__Problem to solve__
Up to and including the line with "HEAD CASE Flipové", return every line from the start of the entries below exactly.

▬▬▬

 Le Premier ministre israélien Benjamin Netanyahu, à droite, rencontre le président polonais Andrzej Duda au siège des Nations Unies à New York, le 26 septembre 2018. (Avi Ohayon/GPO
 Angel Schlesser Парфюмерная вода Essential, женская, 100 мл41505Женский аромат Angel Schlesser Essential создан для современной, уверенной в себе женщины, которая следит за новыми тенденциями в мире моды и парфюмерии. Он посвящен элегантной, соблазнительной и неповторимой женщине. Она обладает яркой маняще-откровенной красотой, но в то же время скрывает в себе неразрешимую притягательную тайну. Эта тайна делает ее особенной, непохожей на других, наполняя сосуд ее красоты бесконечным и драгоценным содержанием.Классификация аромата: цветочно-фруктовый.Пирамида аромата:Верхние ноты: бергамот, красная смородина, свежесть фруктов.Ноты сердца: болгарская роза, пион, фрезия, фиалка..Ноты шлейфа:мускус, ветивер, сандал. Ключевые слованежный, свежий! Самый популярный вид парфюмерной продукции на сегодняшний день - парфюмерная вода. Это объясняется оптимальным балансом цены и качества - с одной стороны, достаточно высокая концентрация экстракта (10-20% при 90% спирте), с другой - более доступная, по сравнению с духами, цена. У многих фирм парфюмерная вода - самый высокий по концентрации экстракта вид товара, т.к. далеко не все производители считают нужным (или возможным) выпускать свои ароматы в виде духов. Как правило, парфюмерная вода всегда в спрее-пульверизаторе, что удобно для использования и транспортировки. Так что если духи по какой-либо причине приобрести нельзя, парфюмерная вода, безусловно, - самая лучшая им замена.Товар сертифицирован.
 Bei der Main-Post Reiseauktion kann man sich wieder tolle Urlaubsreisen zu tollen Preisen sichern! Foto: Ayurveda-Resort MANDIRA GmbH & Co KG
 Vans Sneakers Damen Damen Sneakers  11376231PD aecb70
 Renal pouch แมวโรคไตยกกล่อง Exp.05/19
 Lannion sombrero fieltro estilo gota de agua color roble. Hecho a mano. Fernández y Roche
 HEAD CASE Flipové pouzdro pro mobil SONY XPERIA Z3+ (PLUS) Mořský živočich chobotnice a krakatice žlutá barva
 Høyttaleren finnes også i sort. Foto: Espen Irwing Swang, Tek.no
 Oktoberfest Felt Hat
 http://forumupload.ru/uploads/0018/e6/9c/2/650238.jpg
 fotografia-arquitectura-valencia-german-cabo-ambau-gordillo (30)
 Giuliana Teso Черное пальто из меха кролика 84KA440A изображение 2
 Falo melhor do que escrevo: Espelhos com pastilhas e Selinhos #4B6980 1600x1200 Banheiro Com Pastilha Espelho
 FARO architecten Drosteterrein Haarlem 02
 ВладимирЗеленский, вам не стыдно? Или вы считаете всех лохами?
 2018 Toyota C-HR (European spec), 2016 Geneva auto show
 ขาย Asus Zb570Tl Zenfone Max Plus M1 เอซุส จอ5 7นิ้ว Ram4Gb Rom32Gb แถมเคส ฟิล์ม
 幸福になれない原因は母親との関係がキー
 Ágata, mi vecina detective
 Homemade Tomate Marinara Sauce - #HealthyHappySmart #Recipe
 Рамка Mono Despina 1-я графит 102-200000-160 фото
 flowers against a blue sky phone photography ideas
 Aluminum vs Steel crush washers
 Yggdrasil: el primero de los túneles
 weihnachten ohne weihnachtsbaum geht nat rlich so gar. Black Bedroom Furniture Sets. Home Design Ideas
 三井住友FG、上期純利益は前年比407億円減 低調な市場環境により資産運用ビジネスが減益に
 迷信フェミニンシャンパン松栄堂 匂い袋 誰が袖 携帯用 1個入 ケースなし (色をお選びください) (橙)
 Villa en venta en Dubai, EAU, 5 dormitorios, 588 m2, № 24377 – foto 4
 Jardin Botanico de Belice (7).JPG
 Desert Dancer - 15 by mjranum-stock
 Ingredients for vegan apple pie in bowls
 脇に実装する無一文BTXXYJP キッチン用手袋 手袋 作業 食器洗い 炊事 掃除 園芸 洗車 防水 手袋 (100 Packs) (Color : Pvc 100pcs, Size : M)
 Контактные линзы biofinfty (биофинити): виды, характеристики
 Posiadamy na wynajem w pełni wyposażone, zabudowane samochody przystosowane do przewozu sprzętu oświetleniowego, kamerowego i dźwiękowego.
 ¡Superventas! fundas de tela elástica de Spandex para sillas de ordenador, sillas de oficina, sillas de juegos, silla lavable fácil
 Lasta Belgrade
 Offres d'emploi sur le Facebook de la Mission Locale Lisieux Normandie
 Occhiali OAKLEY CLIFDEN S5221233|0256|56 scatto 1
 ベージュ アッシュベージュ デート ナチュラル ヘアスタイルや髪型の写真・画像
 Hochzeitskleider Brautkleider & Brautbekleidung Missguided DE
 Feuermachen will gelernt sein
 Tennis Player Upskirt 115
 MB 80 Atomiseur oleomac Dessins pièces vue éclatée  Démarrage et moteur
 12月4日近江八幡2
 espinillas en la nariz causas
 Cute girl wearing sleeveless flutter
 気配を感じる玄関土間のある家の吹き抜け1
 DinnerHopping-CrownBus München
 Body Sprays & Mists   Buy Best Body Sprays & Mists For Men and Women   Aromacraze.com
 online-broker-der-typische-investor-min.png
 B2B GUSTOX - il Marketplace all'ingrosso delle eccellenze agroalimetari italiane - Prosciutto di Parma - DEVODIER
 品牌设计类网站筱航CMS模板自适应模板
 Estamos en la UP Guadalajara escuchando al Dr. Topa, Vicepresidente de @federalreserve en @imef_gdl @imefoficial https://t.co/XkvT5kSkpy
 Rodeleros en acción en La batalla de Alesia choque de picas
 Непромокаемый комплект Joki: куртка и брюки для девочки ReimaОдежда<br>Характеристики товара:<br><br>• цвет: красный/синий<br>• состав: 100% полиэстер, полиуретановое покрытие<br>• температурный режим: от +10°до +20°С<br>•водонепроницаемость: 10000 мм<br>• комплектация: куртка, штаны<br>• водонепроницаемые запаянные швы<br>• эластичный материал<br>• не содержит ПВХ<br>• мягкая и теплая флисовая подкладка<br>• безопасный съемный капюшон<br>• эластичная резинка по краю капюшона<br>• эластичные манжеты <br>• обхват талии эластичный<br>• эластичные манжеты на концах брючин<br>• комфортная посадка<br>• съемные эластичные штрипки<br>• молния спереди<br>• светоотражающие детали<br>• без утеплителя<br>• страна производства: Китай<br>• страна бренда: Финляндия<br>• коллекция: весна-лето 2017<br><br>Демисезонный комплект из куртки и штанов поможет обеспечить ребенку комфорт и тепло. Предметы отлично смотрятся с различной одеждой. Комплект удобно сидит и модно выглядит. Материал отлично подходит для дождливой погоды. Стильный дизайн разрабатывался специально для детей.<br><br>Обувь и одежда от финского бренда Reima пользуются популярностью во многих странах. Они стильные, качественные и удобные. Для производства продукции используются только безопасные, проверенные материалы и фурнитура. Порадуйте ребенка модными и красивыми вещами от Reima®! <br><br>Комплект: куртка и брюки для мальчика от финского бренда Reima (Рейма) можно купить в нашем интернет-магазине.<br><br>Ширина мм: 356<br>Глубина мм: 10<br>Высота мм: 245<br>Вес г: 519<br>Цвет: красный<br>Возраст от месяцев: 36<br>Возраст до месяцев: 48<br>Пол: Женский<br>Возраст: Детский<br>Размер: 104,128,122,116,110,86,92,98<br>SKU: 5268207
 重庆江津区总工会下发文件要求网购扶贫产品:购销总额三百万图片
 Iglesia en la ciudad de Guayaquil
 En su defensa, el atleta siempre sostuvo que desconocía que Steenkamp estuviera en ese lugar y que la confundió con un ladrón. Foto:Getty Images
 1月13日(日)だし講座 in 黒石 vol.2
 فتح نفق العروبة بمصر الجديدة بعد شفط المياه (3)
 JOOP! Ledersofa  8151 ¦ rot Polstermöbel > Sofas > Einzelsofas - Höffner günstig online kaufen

▬▬▬

__Answer box__
 Le Premier ministre israélien Benjamin Netanyahu, à droite, rencontre le président polonais Andrzej Duda au siège des Nations Unies à New York, le 26 septembre 2018. (Avi Ohayon/GPO
 Angel Schlesser Парфюмерная вода Essential, женская, 100 мл41505Женский аромат Angel Schlesser Essential создан для современной, уверенной в себе женщины, которая следит за новыми тенденциями в мире моды и парфюмерии. Он посвящен элегантной, соблазнительной и неповторимой женщине. Она обладает яркой маняще-откровенной красотой, но в то же время скрывает в себе неразрешимую притягательную тайну. Эта тайна делает ее особенной, непохожей на других, наполняя сосуд ее красоты бесконечным и драгоценным содержанием.Классификация аромата: цветочно-фруктовый.Пирамида аромата:Верхние ноты: бергамот, красная смородина, свежесть фруктов.Ноты сердца: болгарская роза, пион, фрезия, фиалка..Ноты шлейфа:мускус, ветивер, сандал. Ключевые слованежный, свежий! Самый популярный вид парфюмерной продукции на сегодняшний день - парфюмерная вода. Это объясняется оптимальным балансом цены и качества - с одной стороны, достаточно высокая концентрация экстракта (10-20% при 90% спирте), с другой - более доступная, по сравнению с духами, цена. У многих фирм парфюмерная вода - самый высокий по концентрации экстракта вид товара, т.к. далеко не все производители считают нужным (или возможным) выпускать свои ароматы в виде духов. Как правило, парфюмерная вода всегда в спрее-пульверизаторе, что удобно для использования и транспортировки. Так что если духи по какой-либо причине приобрести нельзя, парфюмерная вода, безусловно, - самая лучшая им замена.Товар сертифицирован.
 Bei der Main-Post Reiseauktion kann man sich wieder tolle Urlaubsreisen zu tollen Preisen sichern! Foto: Ayurveda-Resort MANDIRA GmbH & Co KG
 Vans Sneakers Damen Damen Sneakers  11376231PD aecb70
 Renal pouch แมวโรคไตยกกล่อง Exp.05/19
 Lannion sombrero fieltro estilo gota de agua color roble. Hecho a mano. Fernández y Roche
 HEAD CASE Flipové pouzdro pro mobil SONY XPERIA Z3+ (PLUS) Mořský živočich chobotnice a krakatice žlutá barva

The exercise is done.